In this work, we revisit applying atrous convolution, which allows us to effectively enlarge the field of view of filters to incorporate multi-scale context, in the framework of both cascaded modules and spatial pyramid pooling. In particular, our proposed module consists of atrous convolution with various rates and batch normalization layers which we found important to be trained as well. We experiment with laying out the modules in cascade or in parallel (specifically, Atrous Spatial Pyramid Pooling (ASPP) method

[11]). We discuss an important practical issue when applying a atrous convolution with an extremely large rate, which fails to capture long range information due to image boundary effects, effectively simply degenerating to convolution, and propose to incorporate image-level features into the ASPP module. Furthermore, we elaborate on implementation details and share experience on training the proposed models, including a simple yet effective bootstrapping method for handling rare and finely annotated objects. In the end, our proposed model, ‘DeepLabv3’ improves over our previous works [10, 11] and attains performance of 85.7% on the PASCAL VOC 2012 test set without DenseCRF post-processing.

2 Related Work

It has been shown that global features or contextual interactions [33, 76, 43, 48, 27, 89]

are beneficial in correctly classifying pixels for semantic segmentation. In this work, we discuss four types of Fully Convolutional Networks (FCNs)

[74, 60] (see Fig. 2 for illustration) that exploit context information for semantic segmentation [30, 15, 62, 9, 96, 55, 65, 73, 87].

Image pyramid: The same model, typically with shared weights, is applied to multi-scale inputs. Feature responses from the small scale inputs encode the long-range context, while the large scale inputs preserve the small object details. Typical examples include Farabet et al. [22] who transform the input image through a Laplacian pyramid, feed each scale input to a DCNN and merge the feature maps from all the scales. [19, 69] apply multi-scale inputs sequentially from coarse-to-fine, while [55, 12, 11] directly resize the input for several scales and fuse the features from all the scales. The main drawback of this type of models is that it does not scale well for larger/deeper DCNNs (e.g., networks like [32, 91, 86]) due to limited GPU memory and thus it is usually applied during the inference stage [16].

Encoder-decoder: This model consists of two parts: (a) the encoder where the spatial dimension of feature maps is gradually reduced and thus longer range information is more easily captured in the deeper encoder output, and (b) the decoder where object details and spatial dimension are gradually recovered. For example, [60, 64] employ deconvolution [92] to learn the upsampling of low resolution feature responses. SegNet [3] reuses the pooling indices from the encoder and learn extra convolutional layers to densify the feature responses, while U-Net [71] adds skip connections from the encoder features to the corresponding decoder activations, and [25] employs a Laplacian pyramid reconstruction network. More recently, RefineNet [54] and [70, 68, 39] have demonstrated the effectiveness of models based on encoder-decoder structure on several semantic segmentation benchmarks. This type of model is also explored in the context of object detection [56, 77].
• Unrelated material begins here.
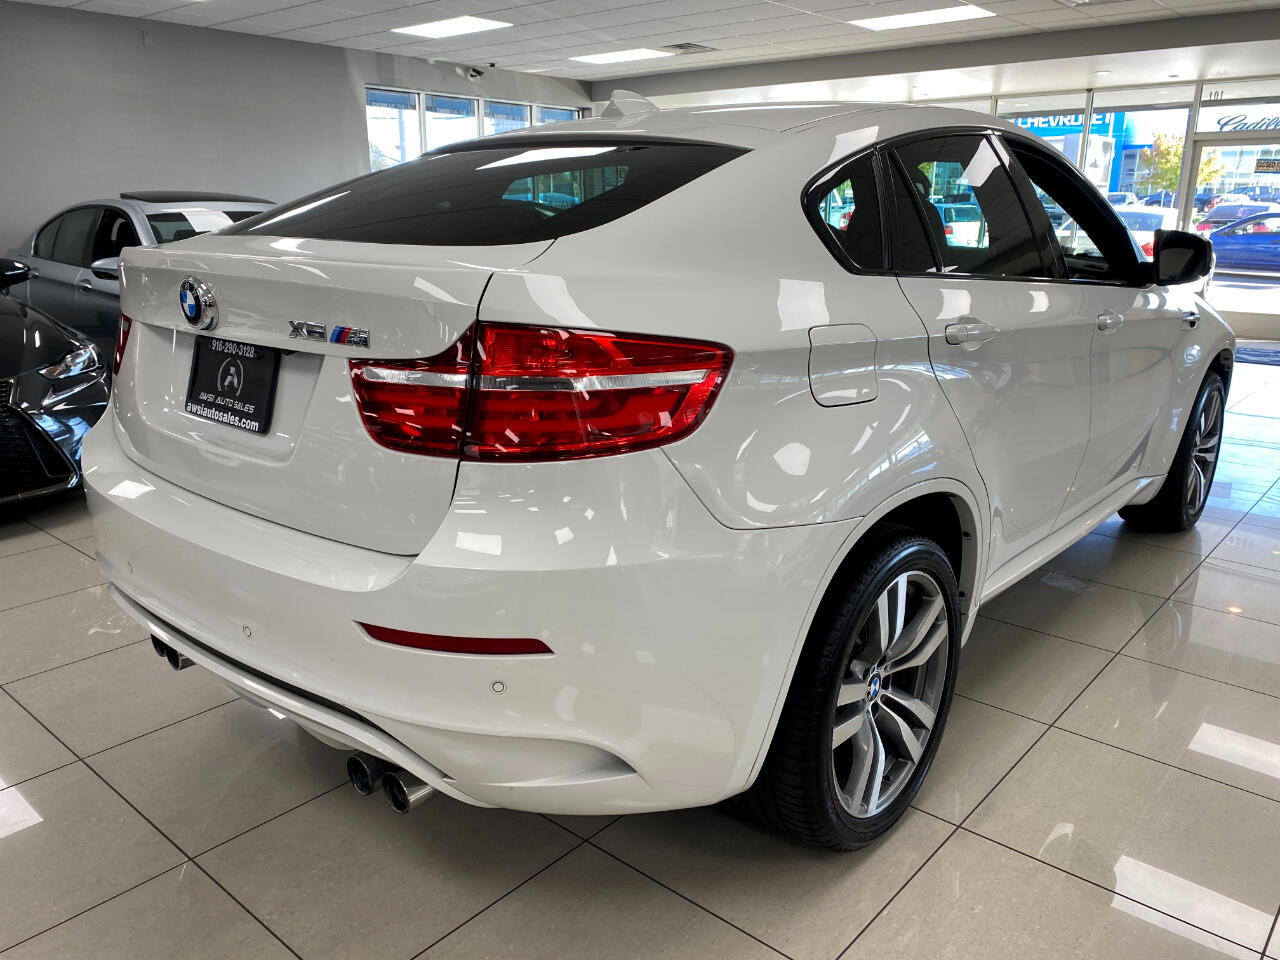 Used 2014 BMW X6 M for Sale in Sacramento CA 95821 AWSI Auto Sales

Context module: This model contains extra modules laid out in cascade to encode long-range context. One effective method is to incorporate DenseCRF [45] (with efficient high-dimensional filtering algorithms [2]) to DCNNs [10, 11]. Furthermore, [96, 55, 73] propose to jointly train both the CRF and DCNN components, while [59, 90] employ several extra convolutional layers on top of the belief maps of DCNNs (belief maps are the final DCNN feature maps that contain output channels equal to the number of predicted classes) to capture context information. Recently, [41] proposes to learn a general and sparse high-dimensional convolution (bilateral convolution), and [82, 8] combine Gaussian Conditional Random Fields and DCNNs for semantic segmentation.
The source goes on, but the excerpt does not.